Where an image appears, leave it out; otherwise repeat the data exactly.

BEGIN SUPPLIED DATA

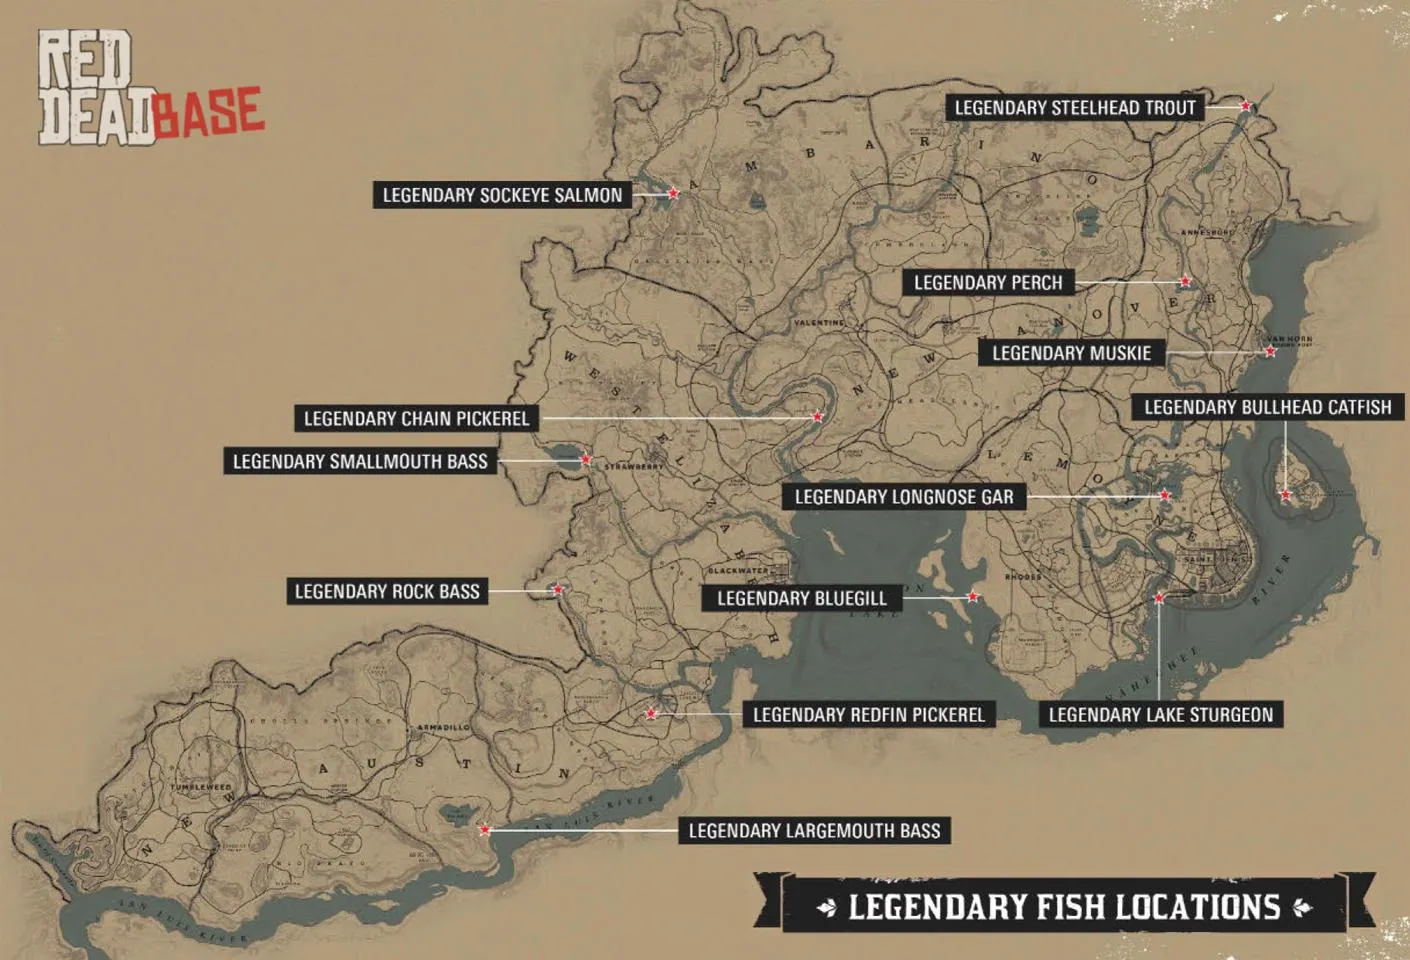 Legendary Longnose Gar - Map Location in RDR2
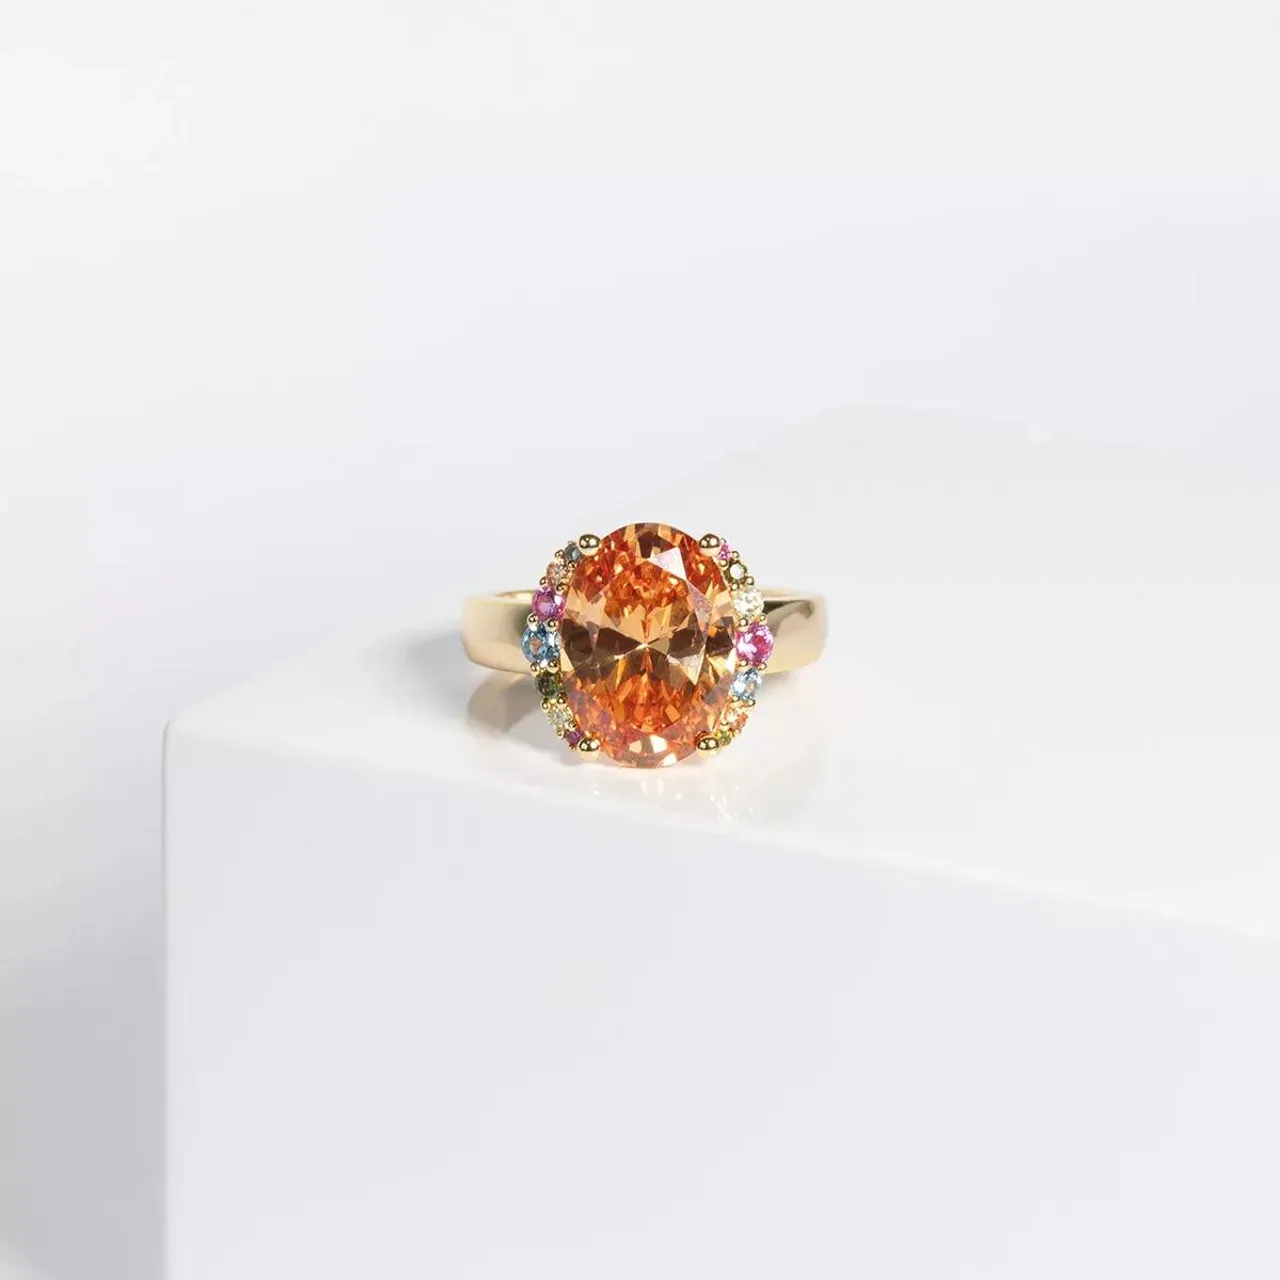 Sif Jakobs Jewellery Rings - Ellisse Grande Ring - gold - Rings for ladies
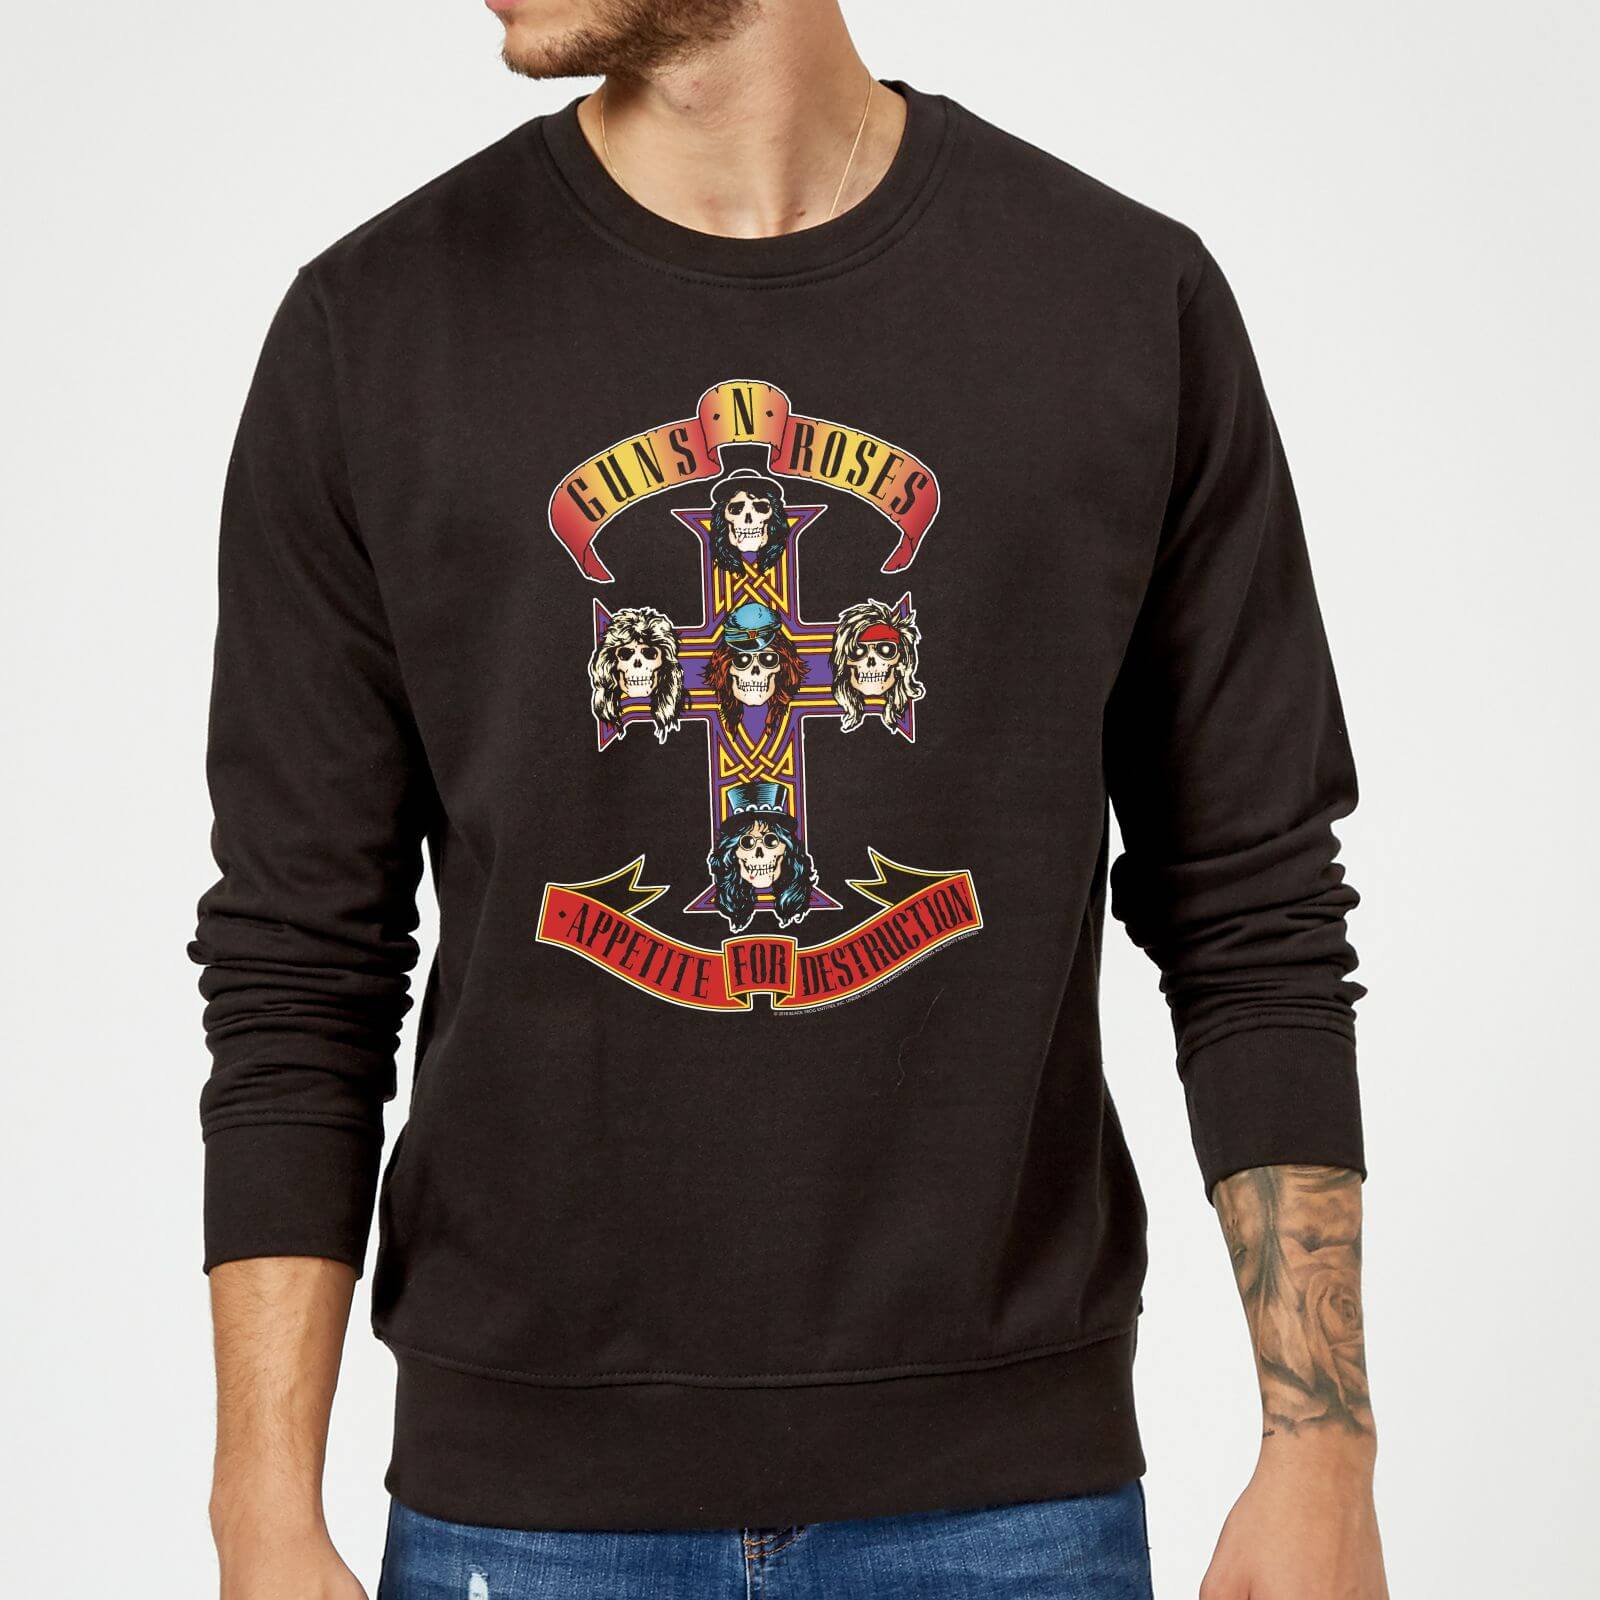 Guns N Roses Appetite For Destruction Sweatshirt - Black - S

END SUPPLIED DATA

◆ WRITTEN SOLUTION
 Legendary Longnose Gar - Map Location in RDR2
 Sif Jakobs Jewellery Rings - Ellisse Grande Ring - gold - Rings for ladies
 Guns N Roses Appetite For Destruction Sweatshirt - Black - S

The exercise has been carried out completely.